How To Fall In Love With Anyone
When you think of love, you probably think about big moments like marriage, births, budding romances and grand romantic gestures. But new research emerging from the lab of Professor Barbara Fredrickson of the University of North Carolina shows that under the right circumstances, love can be experienced any time with anyone.
The research shows that in most instances when your eyes meet another person's, what occurs is a kind of mind-body-meld. On a physiological level, activity in your body and brain triggers parallel changes within another person’s body and brain. Your minds literally sync up. Viewed this way, love belongs not to one person, but to pairs or groups of people and is actually all about finding connection. It’s utterly bizarre to think that we can experience love, at least this scientific definition of love, with a total stranger.
Fredrickson calls this physiological experience of connection positivity resonance, and has shown these micro-moments of shared kindness, compassion and understanding not only make us feel good, but may also make us healthier. In fact, these moments might allow us to live longer by lengthening our telomeres
If experiencing more love in our lives can boost our health, what can we do to harness fully this information? Here's what Frederickson and her team have shown:
Three Loving Connections
Frederickson and her team have shown the power of practicing Loving Kindness Meditation: a regular practice can lead to a boost in positivity and life satisfaction as well as a reduction in depressive and illness symptoms.
But even if you’re not a meditator, you might like to join me with your own "Three Loving Connections" experiment.
- Each day, look for three opportunities to connect with others (it could be a relative, friend, colleague, or complete stranger). Each interaction can be with the same person or with three different people.
- Approach this potential interaction with warmth, respect and good will.
- Make an effort to stay present and listen with an open heart.
- Offer your eye contact and (when appropriate) your touch.
- Share your own lighthearted thoughts and feelings.
Boosting Your Success Rate
I’ve been trying this out for a few weeks, and I’ve experienced some amazing micro-love moments. They’ve happened when I’d expect them to (seeing my best friend and her newborn baby), they’ve happened when I didn’t expected them to (while I was on a panel doing a live Q&A about my film, The Connection) and they’ve happened with hundreds of people all at once (the result of a swelling of shared joy that sprung up during a live Michael Franti gig).
I’ve also learned the hard way that not every exchange with every person is an opportunity for Fredrickson’s positivity resonance to blossom. (There was a rather uncomfortable moment with a parcel delivery guy who interpreted my eye contact and open conversation as an invitation for romance … awkward!)
It turns out that this scientific version of love flourishes only under very specific circumstance. According to Fredrickson, the two key ingredients are a feeling of safety and "real-time sensory connection." Eye contact may well be the most potent trigger, though voice, touch and laughter can also help. Above all, Fredrickson is adamant that the key is physical presence.

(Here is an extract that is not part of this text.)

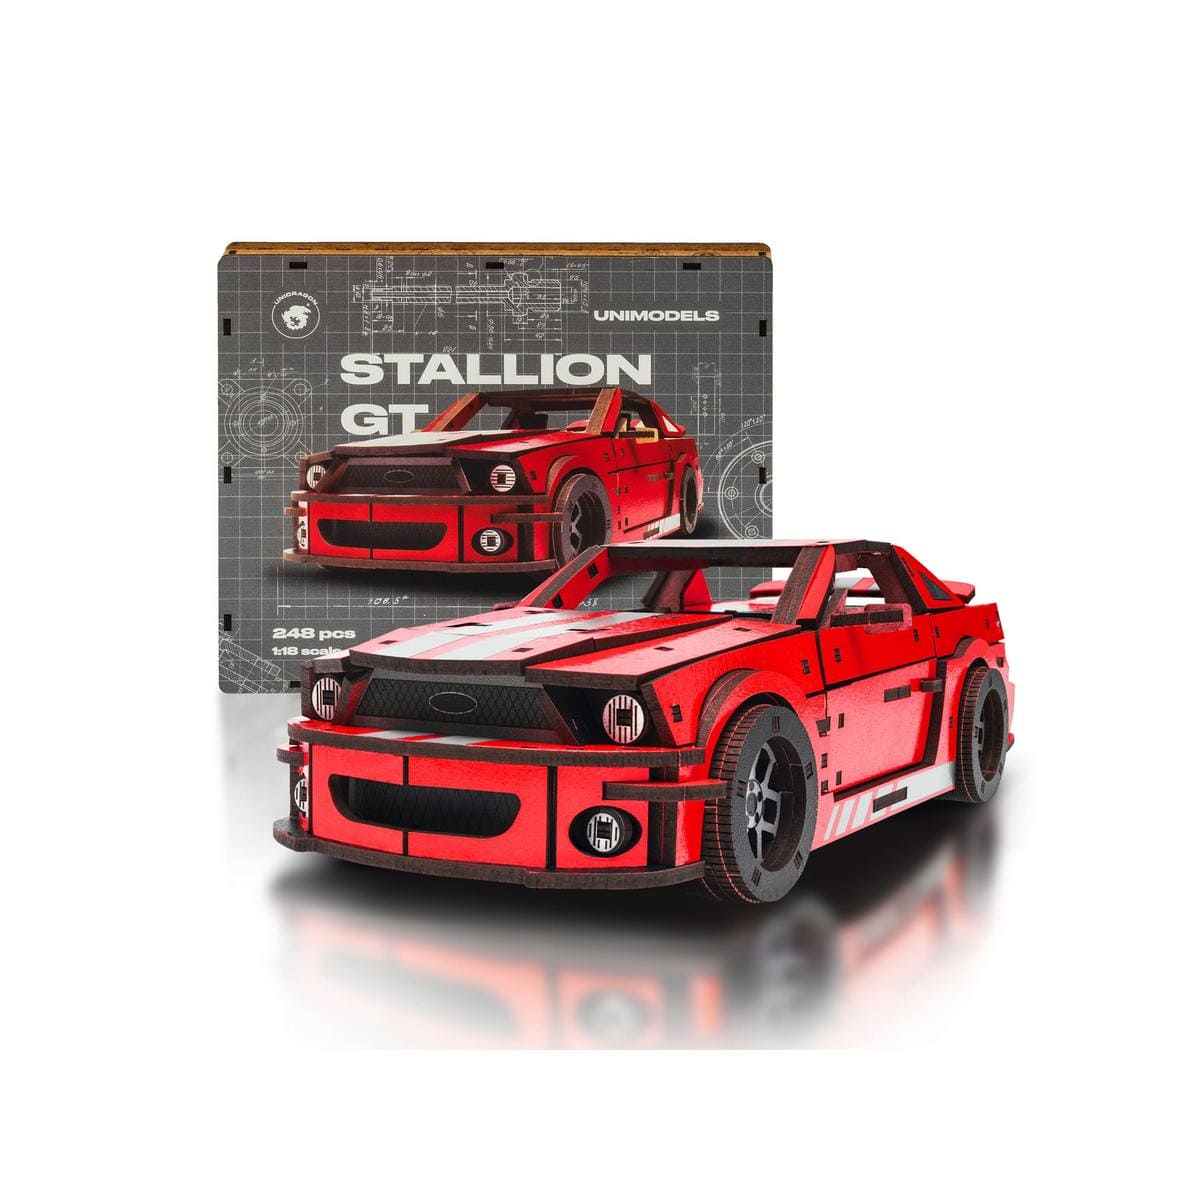 Unidragon Puzzle One Size — 25.5x11x7.5 cm — 248 pcs Stallion GT Red

For my own experiment, I’ve found that often the circumstances aren’t right because the other person I’m hoping to connect with is busy, disconnected or mentally somewhere else; a symptom of the world we live in full of "things to do," email, texts, Instagram, XOXs and LOLs. More than ever, I’m conscious of missed opportunities for deep connection. Blink, and they’re gone.
I hope you're intrigued enough to start looking for your own micro moments of connection; after all, this kind of loving mindfulness has the potential to profoundly change our connectedness with each other and with ourselves. Happy positive resonating!